As unthinkable as the Emanuel AME Church shooting was, I can’t help but think that it opens a kairotic moment that we dare not miss. I didn’t know what the tipping point would be for the Confederate flag’s demise (at least in government usage)—I assumed a few more white folks would have to go to Judgment Day before there was hope of getting these insults out of view. And speaking of insults, how cruel of the flag defenders to betray the intent of the flag’s designer, who was quite clear about what he hoped it would be remembered for: “As a national emblem, it is significant of our higher cause, the cause of a superior race, and a higher civilization contending against ignorance, infidelity, and barbarism.” (William T. Thompson, May 4, 1863). Ok, sure, call it about heritage if you want to—just be clear about what heritage that is.

I didn’t really intend to overwhelm you with summer betrayals—I haven’t even mentioned the dangers of falling balconies or stadium plunges, other places you thought were safe. Or someone you thought of as a guy’s guy, Olympian athlete and all, who’s now sporting Versace couture dresses and pearls. Or Atticus Finch support groups. Or the fact that gun violence might show up not just in the news but on the news as it’s being reported, live, right there along with your breakfast cereal.

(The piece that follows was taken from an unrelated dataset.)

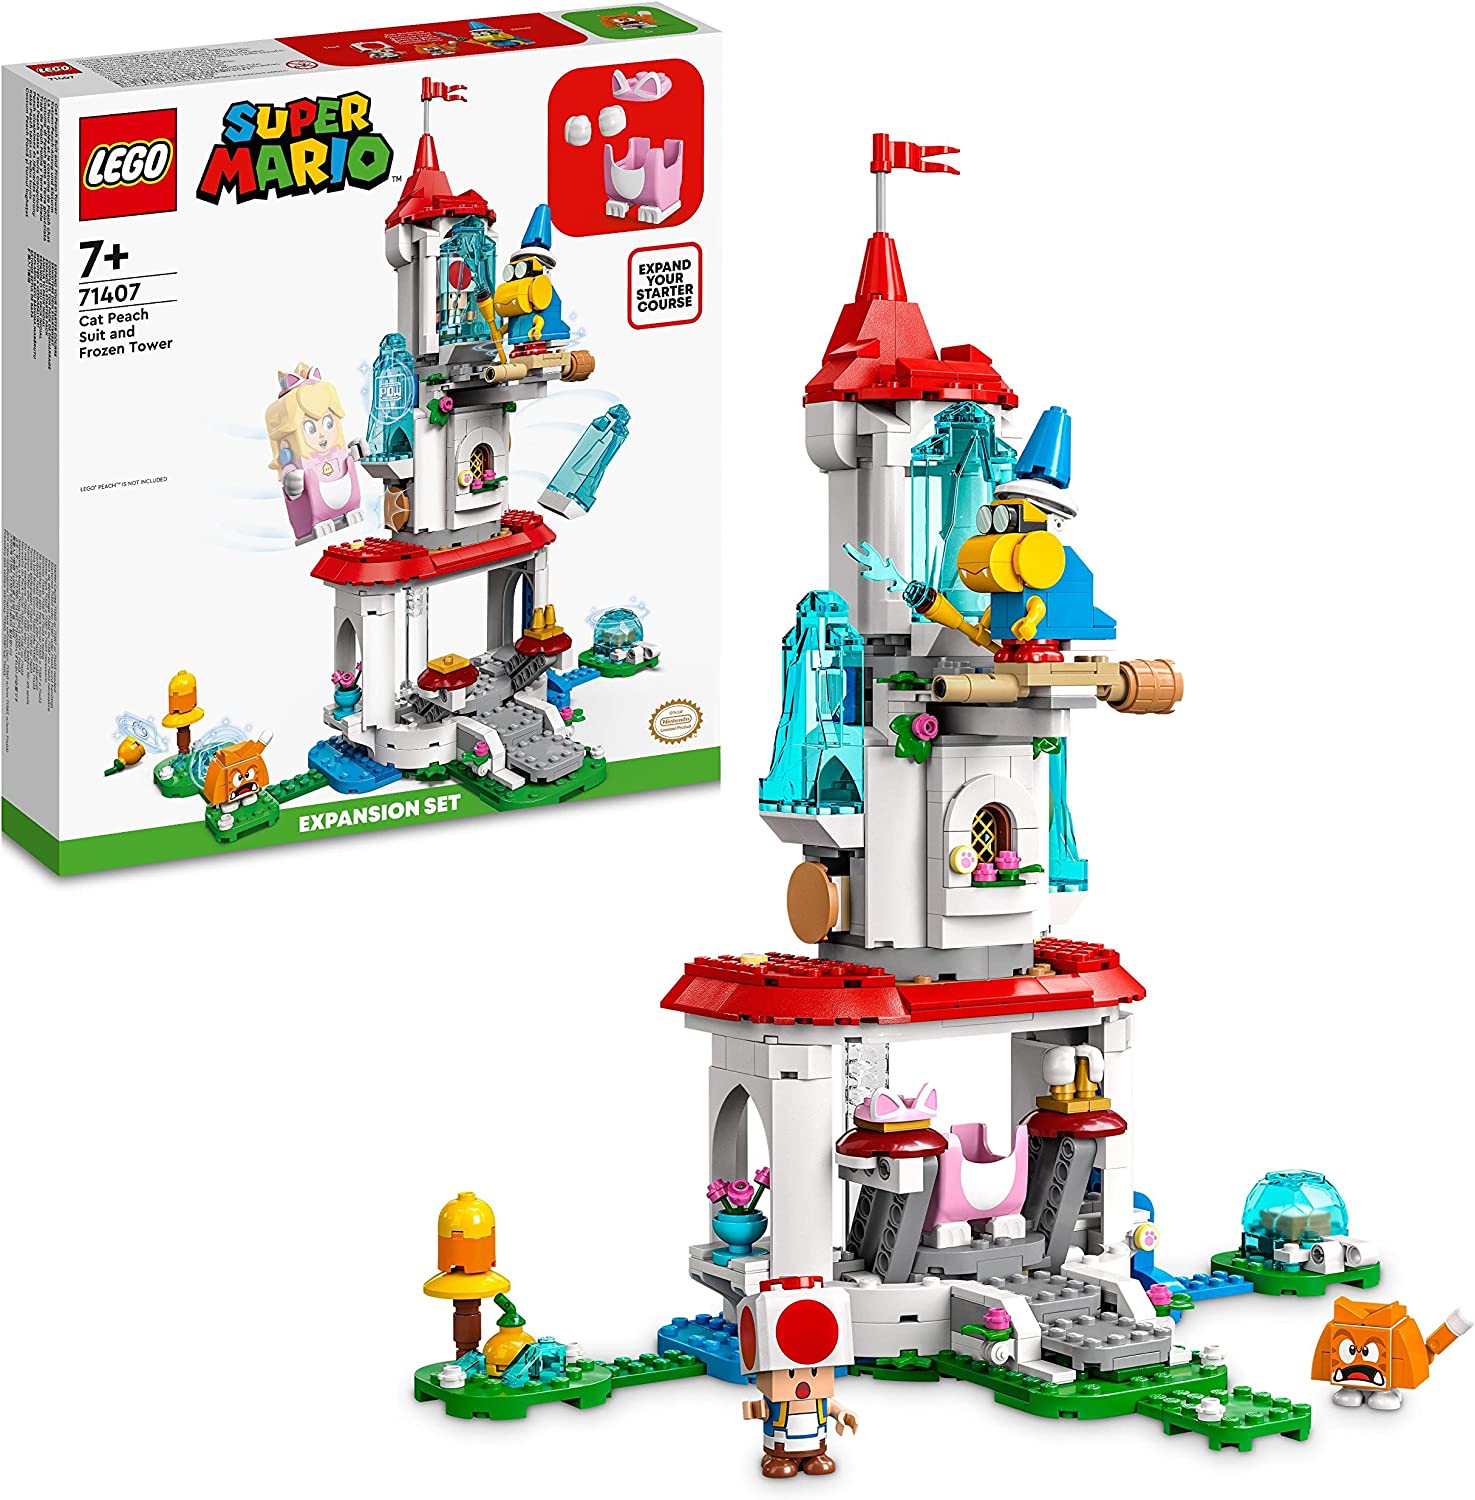 Lego Super Mario Cat Peach y Frozen Tower Set

A long time ago (at the beginning of this post), I wrote “a roundup of things best forgotten.” Let me be clear: I’m referring to something very specific here. We should never forget the lives lost or (crucially) the way they were lost. And we should keep a little questioning voice inside us when we buy an image whole cloth, forgetting that people are always more complex than we think they are. But we are called upon to be resilient, even upon betrayal. What could be more poignant than the shortest of questions, et tu? or as Malcolm X put it, “To me, the thing that is worse than death is betrayal. You see, I could conceive death, but I could not conceive betrayal.” 

We can’t conceive of things not being, to some extent, what we think they are. I’m still a little flummoxed that bacteria grows on bars of soap (and not the good kind of bacteria). I mean, c’mon, on soap?

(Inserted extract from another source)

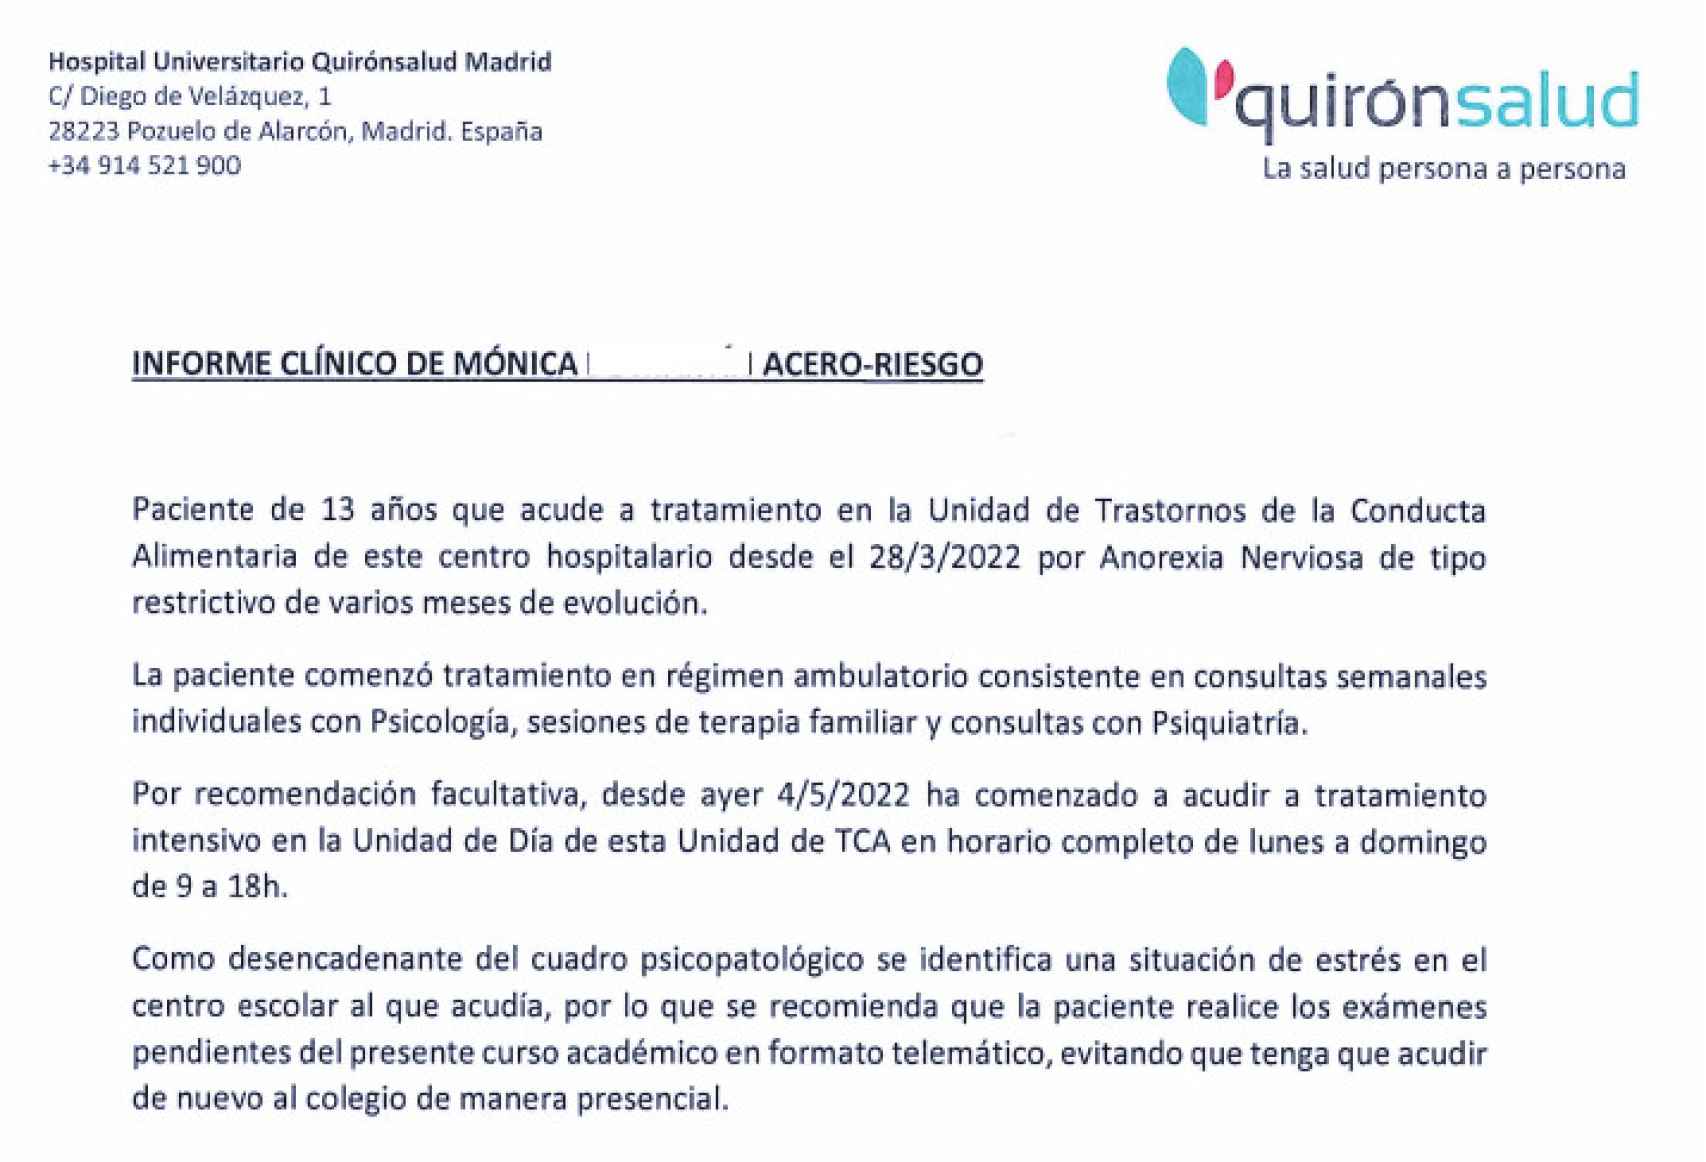 Informe psiquiátrico de Mónica Acero-Riesgo remitido por el Hospital Quirónsalud

It’s paralyzing not to trust that this elevator will go where it’s supposed to, that this person will deal honestly with my money, that my friend has got my back instead of planning the best place for the knife. So what I’m suggesting is that while we forge resilience about the inevitable betrayals ahead of us, try to forget that sinking feeling when you first heard the lies, misrepresentations, or tragedies of 2015. Don’t stay in that ground-quake of your being, that sense that you don’t know what’s real. Resist the notion that that’s all the world is—a series of awakenings to harsh truths. Notice instead that for every disappointment or cataclysm, there was an opening for a reaction that surprises. The forgiveness of the Charleston church families, the Germans holding signs saying “Welcome” in Arabic to war-torn refugees. Live in that place even while we swap stories of betrayals that we didn’t see coming, yet will survive together.

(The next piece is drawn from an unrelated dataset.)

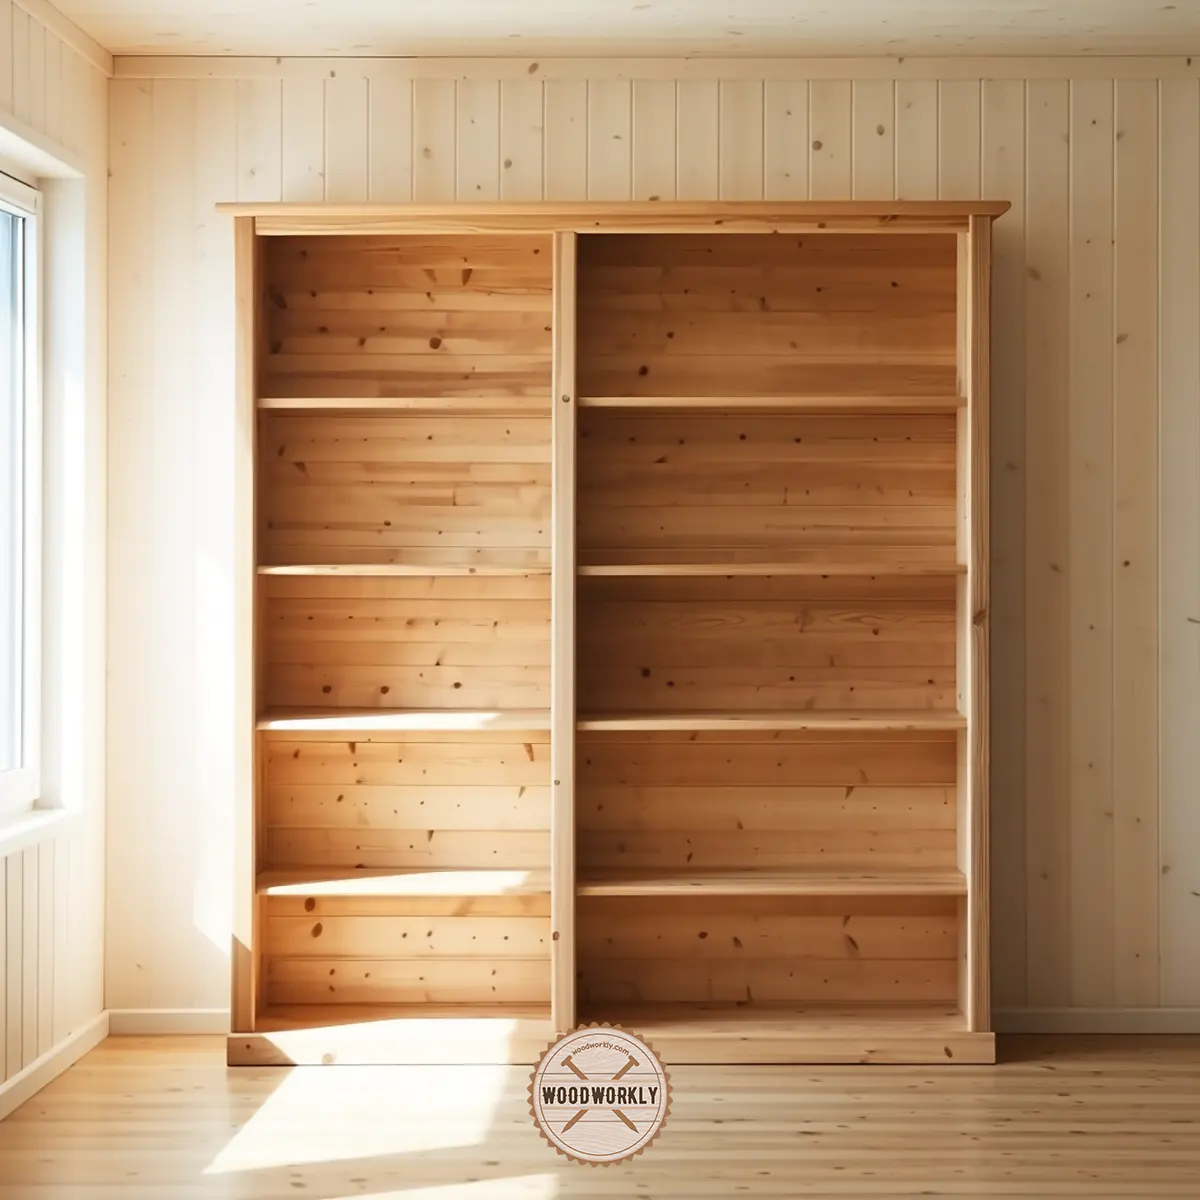 Spruce wood book shelf

Take a page from the Talmud: “Do not be daunted by the enormity of the world's grief. Do justly, now. Love mercy, now. Walk humbly now. You are not obligated to complete the work, but neither are you free to abandon it.”

The Summer of 2015 may have asked us to abandon many things we thought we knew—but that is little more than a summer awakening, for there is much work to do, and if you like a little prayer with your politics, you will be well suited for it.